Jason Hickel Profile picture
Professor at ICTA-UAB and Visiting Senior Fellow at LSE • Author of THE DIVIDE and LESS IS MORE • Global inequality, political economy and ecological economics

Jul 29, 13 tweets

In this new paper we calculate the unequal exchange of labour between the global North and global South. The results are quite staggering. You'll want to look at this... 🧵

nature.com/articles/s4146…

First, a crucial point. Workers in the global South contribute 90% of the labour that powers the world economy, and 91% of labour for international trade.

The South provides the majority of the world's labour in all sectors (including 93% of global manufacturing labour).

And a lot of this is high-skill labour.

The South now contributes more high-skilled labour to the world economy than all the high-, medium- and low-skilled labour contributions of the global North combined.

But... global wage inequalities are truly massive. Southern wages are 87–95% lower than Northern wages for work of equal skill.

And the wage gaps are getting worse.

Is this because the South performs labour in primary sectors while the North performs labour in secondary sectors?

No. Southern wages are 83–98% lower than Northern wages for work of equal skill within the same sector.

There is nothing normal about this. These wage inequalities are a result of imperialist dynamics in the world economy that act to suppress wages and consumption in the global South. Why? Because it massively benefits Northern capital.

Systematic price inequalities mean that for every hour of embodied labour the South imports from the North, they have to export 11 hours to "pay" for it. This results in large net flows of value from South to North.
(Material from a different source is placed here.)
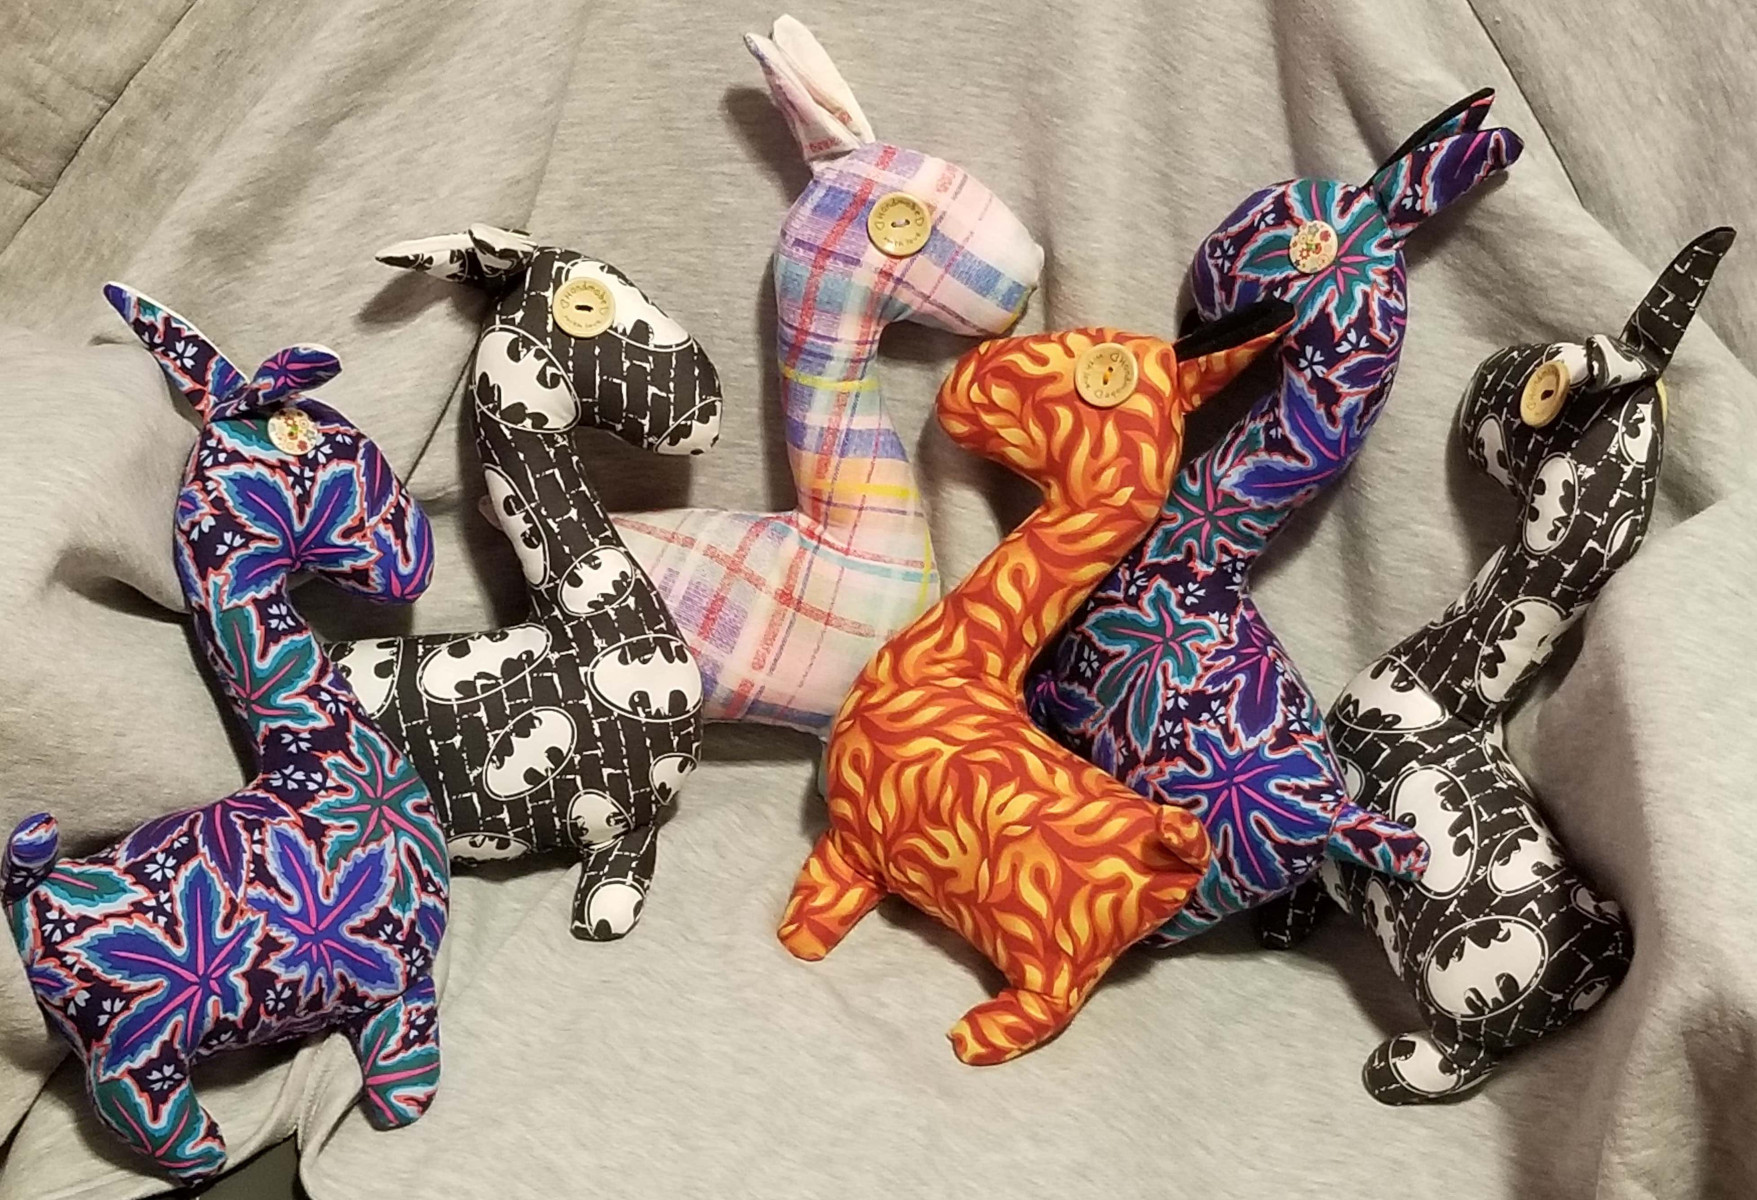 Six colourful stuffed animal Llamas, created by Jaclyn. The llamas have tactile elements like button eyes. 
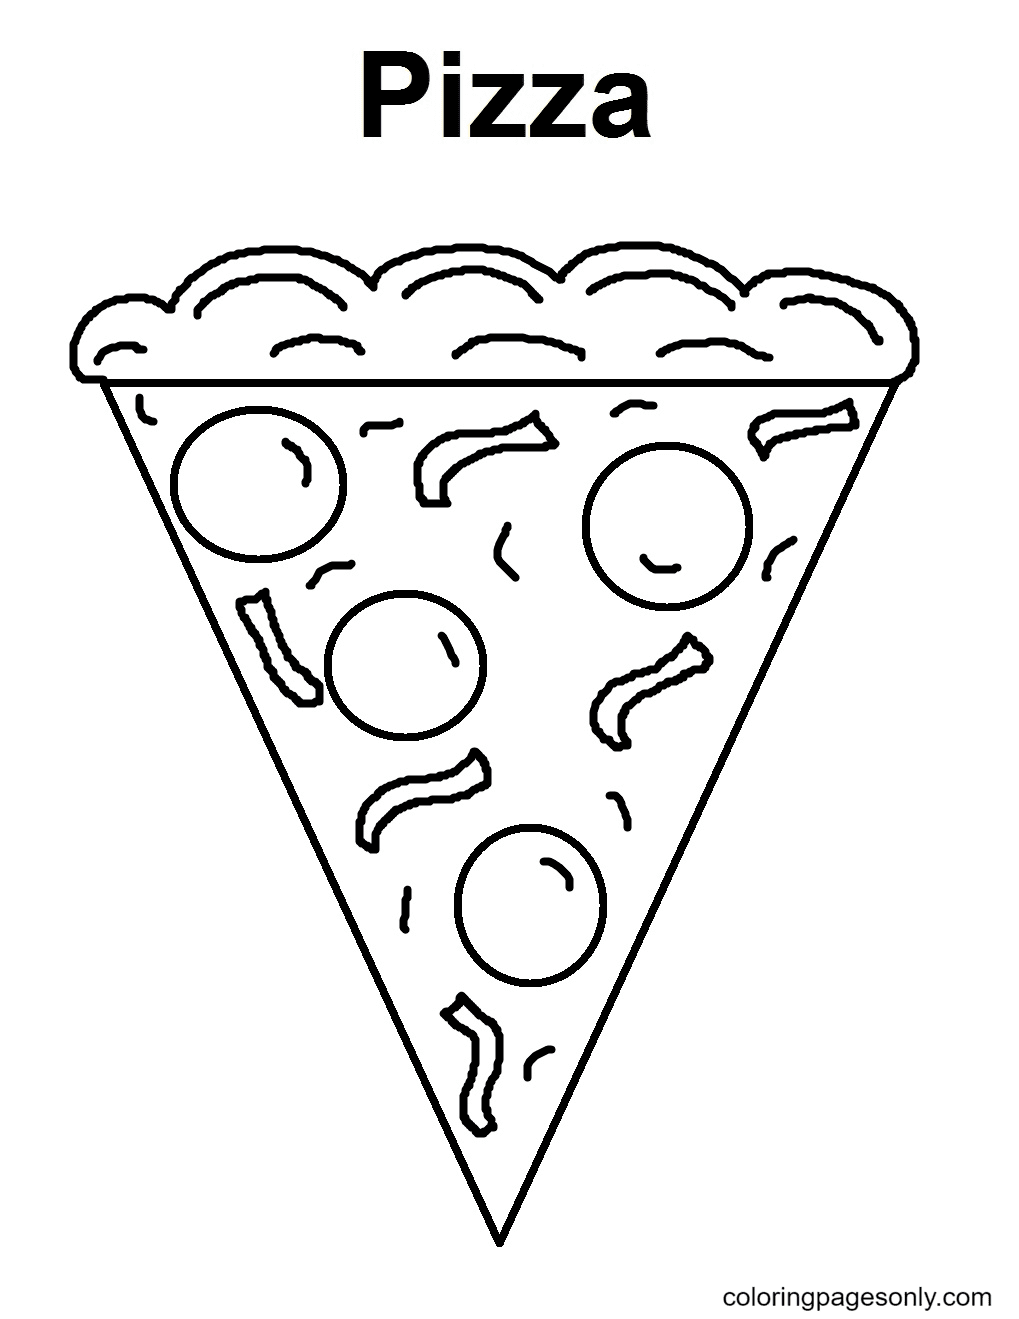 Printable Slices of Pizza Coloring Pages

In 2021, the North net-appropriated 826 billion hours of labour from the global South. This occurs across all skill levels and sectors (sectors visible in the red graph at top of thread).

That's more labour than what is rendered by all workers in the US and Europe combined.

Roughly 50% of all labour that is consumed in the North is net-appropriated from the South.

This means that without unequal exchange, Northern economies would have to reduce their consumption by half, or double their working hours.

If the net-appropriated labour were valued in terms of Northern wages by skill level, it would total €16.9 trillion in in 2021. Or €310 trillion over the whole period from 1995-2021.

This is labour that could be mobilized to meet human needs and achieve national development objectives in the South (if Southern states and workers had greater control over production), but instead is siphoned away to support consumption and accumulation in the imperial core.

The paper is published in Nature Communications. A big congratulations to my brilliant co-authors, @morenahanbury and Felix Barbour. Stay tuned for more from each of them soon!

You can read it open-access here: nature.com/articles/s4146…

An important implication of this: the global North model of a "service economy" is not universalizable. It exists because the North can appropriate labour in agriculture and manufacturing from the global South. This is a reality that development pundits need to grapple with.